# Flashing Roof-Wall Intersection



## wartee (Dec 8, 2020)

House is 10 years old and has recently started to leak under this bump out. I'm going to replace the roofing here (3'x12') but I'm not sure what to do with the flashing at the headwall. It is nailed through the top of the shingles (no sealant over the nails however) and tacked to the wall. There is sealant at the top of the flashing but there is no counterflashing. I believe this is where the leak is.

I've been looking around my area and it seems this is the typical way this joint is flashed. I guess my options are to 1) replace the sealant, 2) remove and embed new flashing in sealant against the wall, or 3) cut a groove and install counterflashing.
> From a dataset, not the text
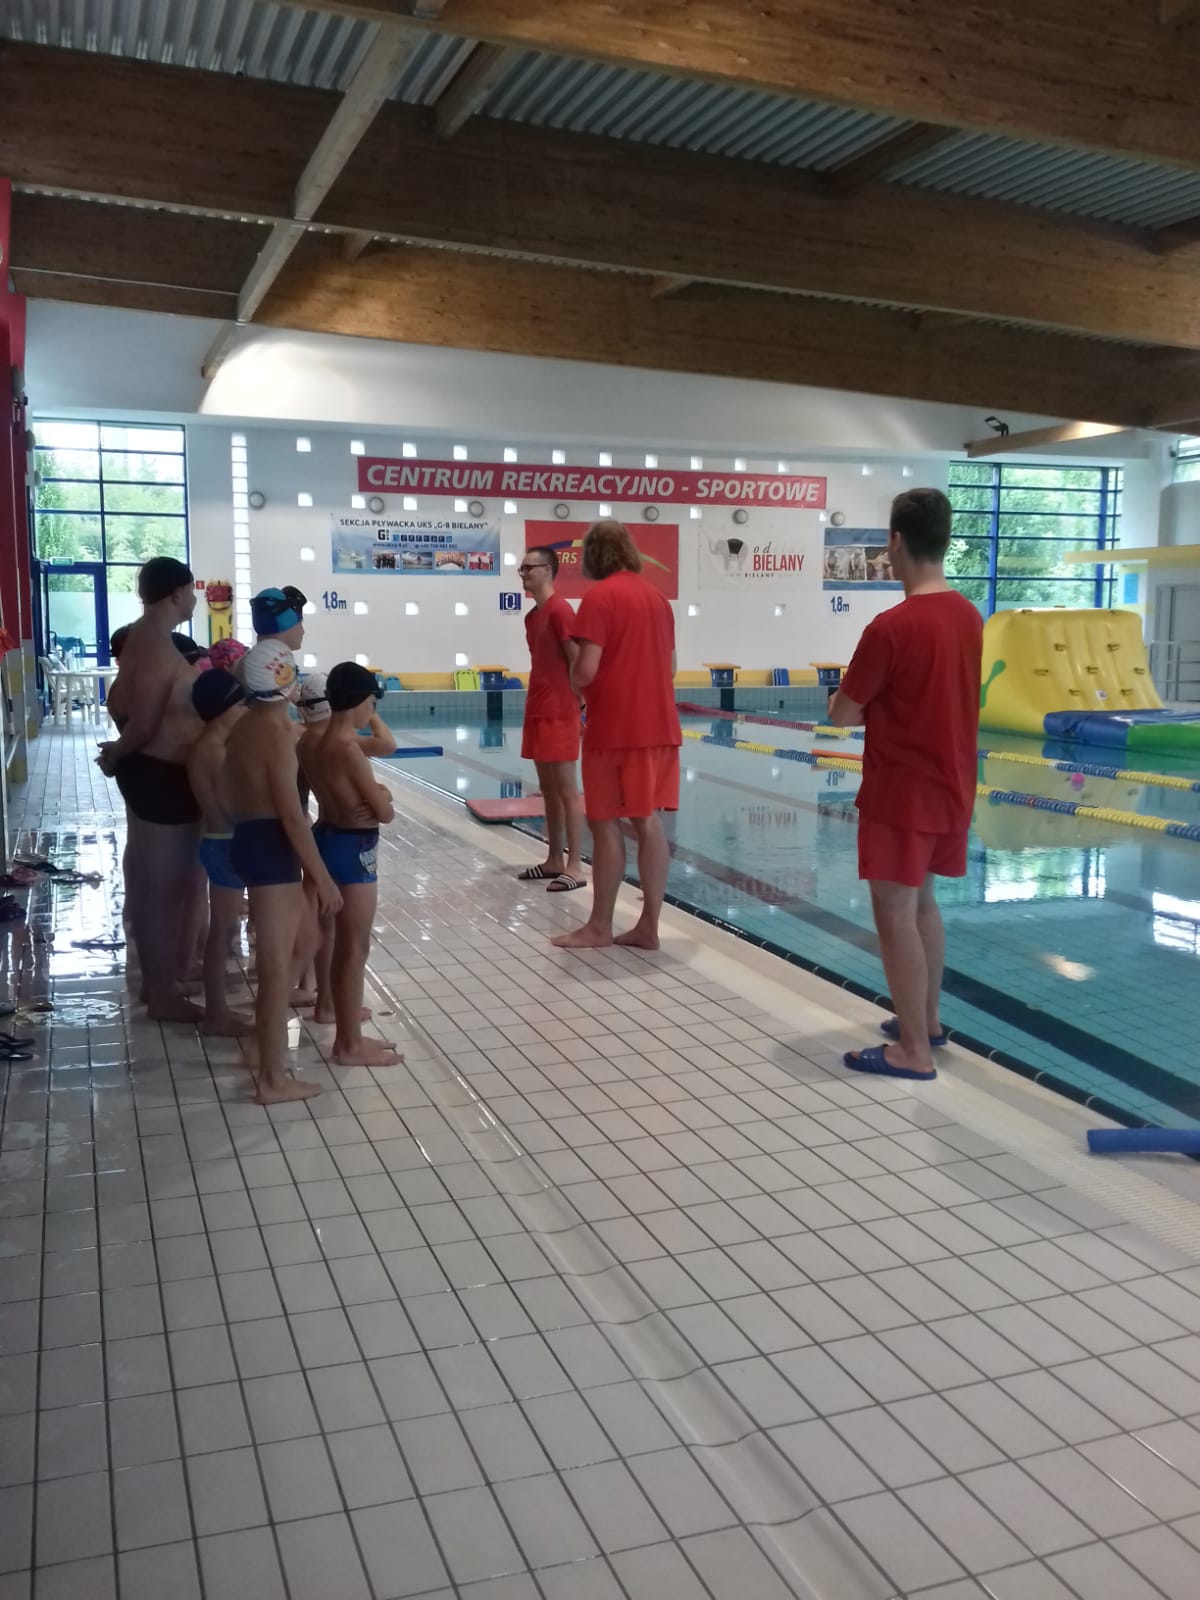 Grupa dzieci na pływalni słucha pogadanki na temat bezpieczeństwa.

What would you recommend here? Appreciate your advice.


----------



## roofermann (Jul 7, 2012)

I'd install new flashing, with the wall leg of it tall enough to meet that brick joint above the current. Using hand tongs, bend the top over by 1/8th in to fit into the joint. A siding company should be able to fab the new for you from left over coil in a color that complements the shingles. And welcome to the forum!


----------



## OldNBroken (Apr 20, 2019)

cutting into the mortar line or properly installing a surface-mount CF wouldn't be difficult.
Never rely on caulk or liquids as your primary waterproofing. It always fails loooong before all the other components.
Nothing else I see in that picture seems to be problematic other than the exposed nails at the base of the flashing but they are not causing your leak.


----------



## shingle guy (Feb 4, 2021)

I was not able to zoom in close enough but looks like there may be a broken shingle there in the middle third row from the wall. That wall flashing has a seam almost directly above it as well that should be properly overlapped and sealed. These gentlemen are spot on. Flashing should be in the mortar as its way softer to cut into vs that hardened brick.


----------